What is really needed is a service that can verify the belonging of an id to a group. Wait! That is what OpenId 1.1 provides! The OpenId Server URL names a resource that does two things:
- It can veryify OpenId URLs as being ones that are part of the group it can identify
- It can identifies User Agents as being ones that knows a secret tied to that OpenId (owns it).
So to take the Sun example, all that is needed is to specify that https://openid.sun.com/openid/service is an openid group identifier, and that all IDs that can be identified via that service are identifiers for members of that group.
So let us create such a relation now, and place it in some temporary openid namespace:
@prefix openid: <http://openid.org/tmp/ont#> .
@prefix owl: <http://www.w3.org/2002/07/owl#> .
@prefix foaf: <http://xmlns.com/foaf/0.1/> .
openid:memberIdService a owl:ObjectProperty;
rdfs:label "openid member identification service";
rdfs:comment """Any agent that can identify with an openid ID to this service is the agent who
is the subject of the foaf:openid relation to that ID, and that agent is a member of this group."""@en;
rdfs:domain foaf:Group;
rdfs:range openid:IDAuthService .
openid:IDAuthService a owl:Class;
rdfs:label "OpenID Authentication Service";
rdfs:comment "Members of this class are resources that can authenticate agents who present an OpenID."@en .
This would allow us then to write our information about Sun Microsystems like this
@prefix foaf: <http://xmlns.com/foaf/0.1/> .
@prefix : <http://sun.com/sunw#> .
@prefix openid: <http://openid.org/tmp/ont#> .
<> a foaf:PersonalProfileDocument;
foaf:primaryTopic :sunw.
:sunw a foaf:Organization, foaf:Group;
foaf:name "Sun Microsystems"@en;
foaf:homepage <http://www.sun.com/>;
openid:memberIdService <https://openid.sun.com/openid/service>.

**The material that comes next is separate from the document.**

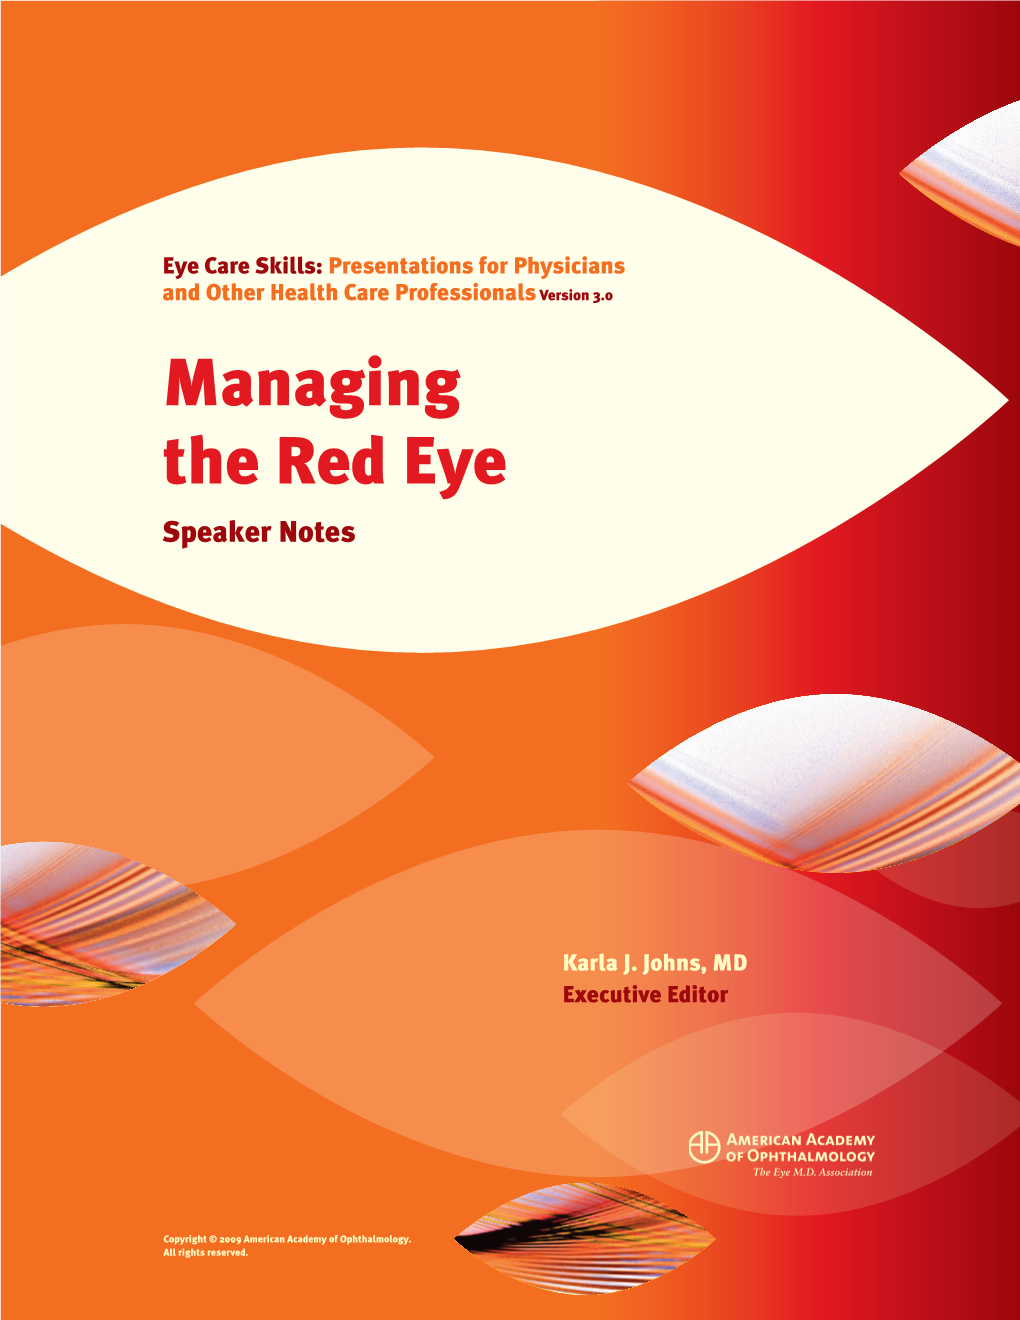 Managing the Red Eye Speaker Notes

So now when Sun wishes to become a member of a prestigious organisation like the W3C, all we need to do is send them Sun's foaf file URL. This will give them our openid:memberIdService which they can use to identify all of our members. That way they or any other service can tell who our employees are without us ever giving them a list.
Let's look at this the other way around. A web service such as DZone asks me to identify myself and I give them my OpenId http://openid.sun.com/bblfish. That OpenId may have links to a number of different OpenId Servers. Which one should DZone use? Well it may recognise one of them, and just use that. But would it not be nice if the OpenId services could say something about themselves? One very useful thing they could say is what group they identified. This could be done in a nice RESTful way by simply asking for an RDF representation of the service for which we could get the easier to read N3 representation like this:
hjs@bblfish$ cwm https://openid.sun.com/openid/service @prefix openid: <http://openid.org/tmp/ont#> . <> a openid:IDAuthService; openid:serviceFor <http://sun.com/sunw#sunw> .So this would allow a service to follow its nose from openids to the groups they belong to, and assess the trust it has in those groups. The serviceFor relation above could simply be defined as
openid:serviceFor owl:inverseOf openid:memberIdService .
Now you may ask: How does anyone know to trust Sun's foaf file or the Sun OpenId memberIdService? Here we can work a network of trust model as described by David Weitzner in "Whose name is it anyway". To illustrate this imagine the following: If the W3C's foaf file lists its member organisations, by pointing to each of their foaf files, and if the NASDAQ lists its member companies that way using the same foaf file, and Sun itself points back to both of them, then that would be a way of having a distributed reinforcement of the confidence one can have in OpenId servers. After all, if one trusts NASDAQ and the W3C's foaf file, then one should be able to trust that they point to the Sun foaf file correctly. A company listing its members or related organisations is a bit like a person linking to its friends. This is what creates a network of trust.
Posted at 06:05PM Jul 25, 2007 [permalink/trackback] by Henry Story in SemWeb | Comments[0]
foaf and openid
My Sun OpenId is helping me use many services I would not have used before. For example I have started using DZone which is a service like DIGG in that it allows one to vote for interesting stories on the web. But unlike DIGG, I don't have to go through the rigmarole of setting up a new account, waiting for an email, replying to the email, remembering one more password which I have to look up in my keychain anyway, etc, etc...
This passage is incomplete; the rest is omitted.